Exercise objective:
Your answer should repeat exactly the lines from the one holding "Best Linux Web" through the end of the data, and it should contain no pictures.

Collected data:

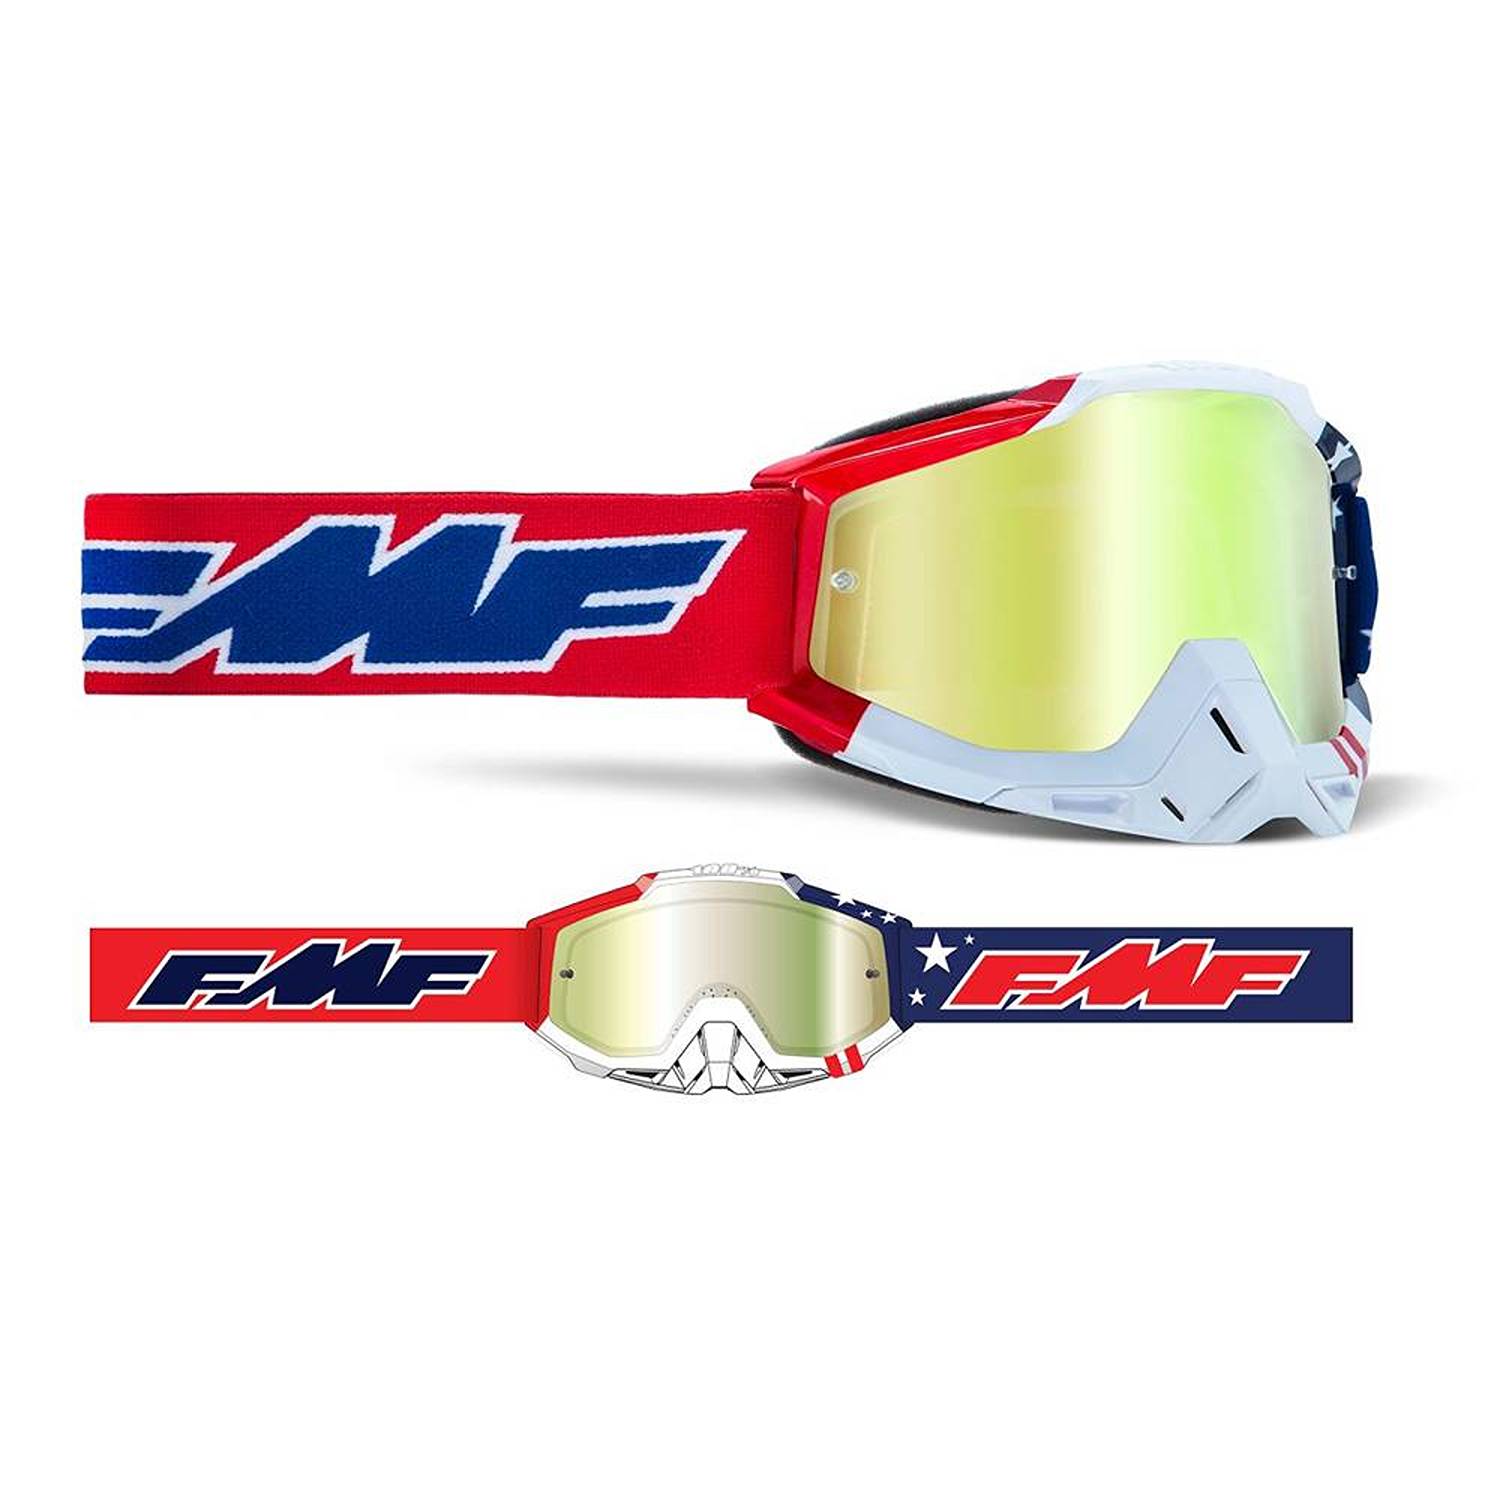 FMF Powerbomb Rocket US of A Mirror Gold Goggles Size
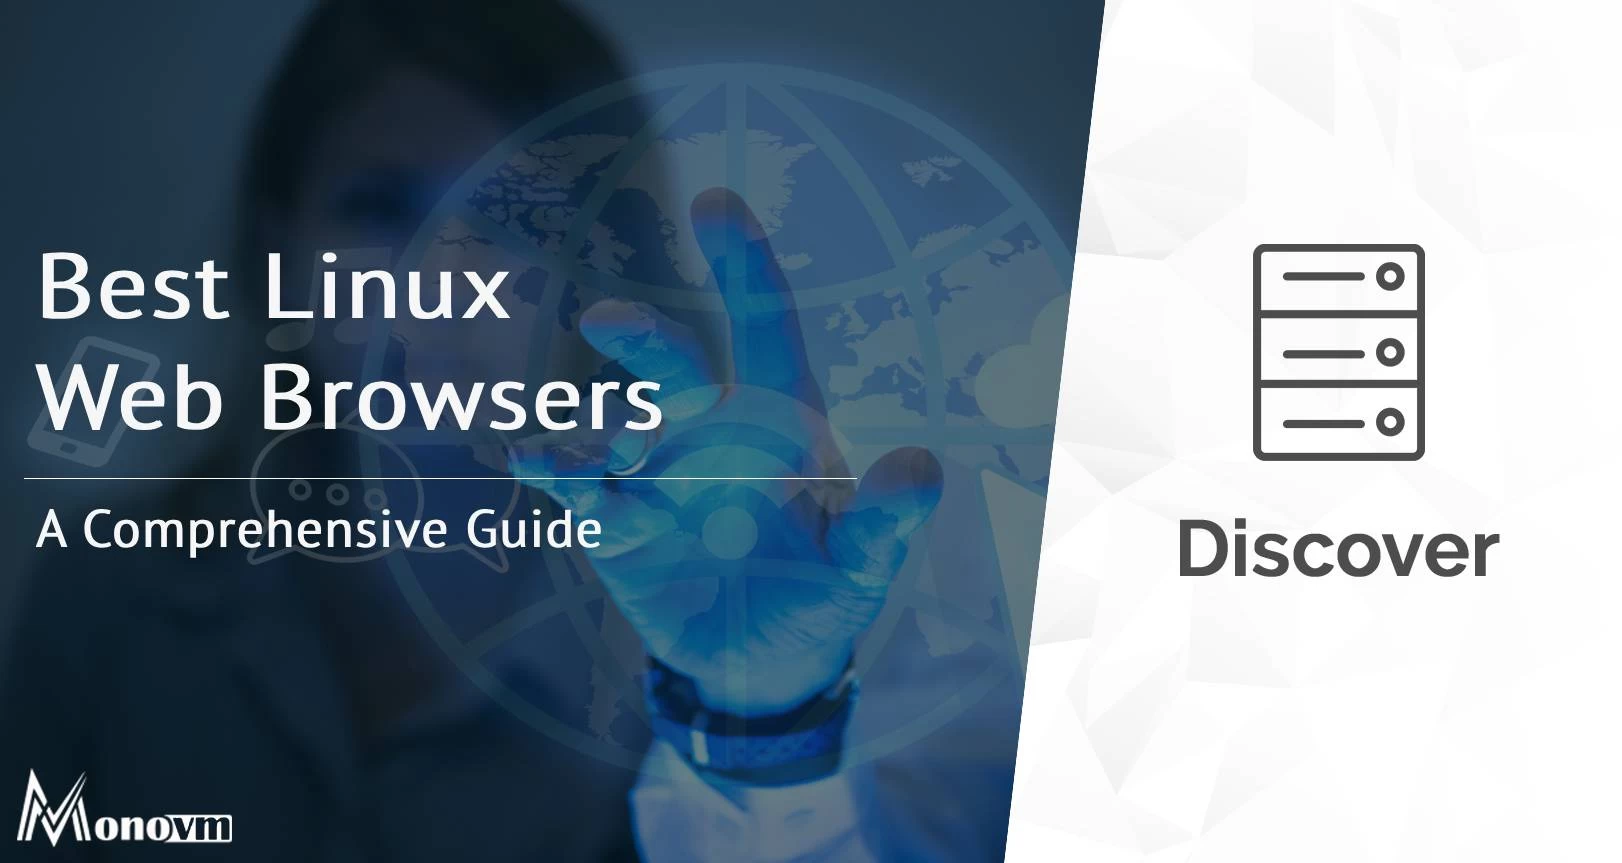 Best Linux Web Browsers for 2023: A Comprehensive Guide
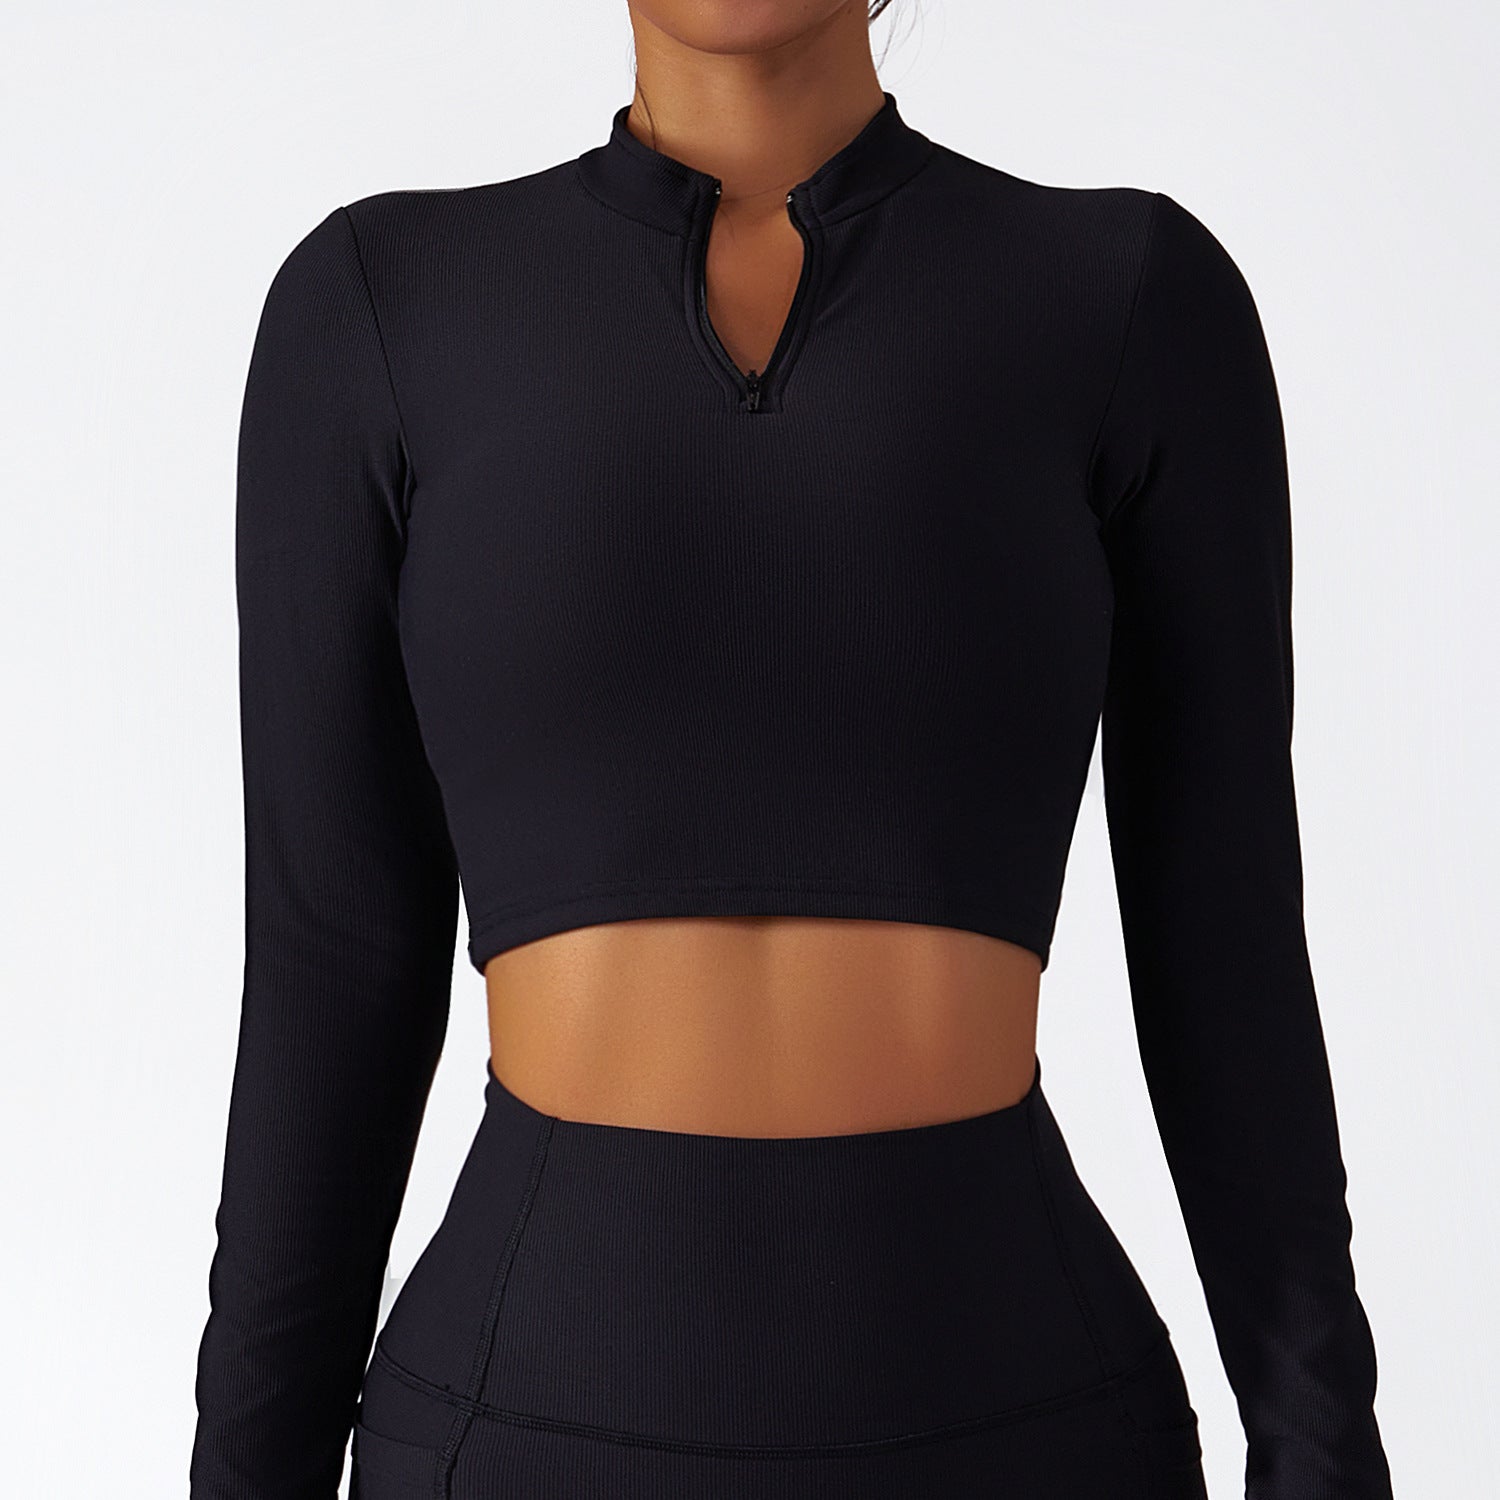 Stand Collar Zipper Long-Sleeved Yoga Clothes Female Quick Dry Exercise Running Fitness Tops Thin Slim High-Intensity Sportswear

Written answer:
 Best Linux Web Browsers for 2023: A Comprehensive Guide
 Stand Collar Zipper Long-Sleeved Yoga Clothes Female Quick Dry Exercise Running Fitness Tops Thin Slim High-Intensity Sportswear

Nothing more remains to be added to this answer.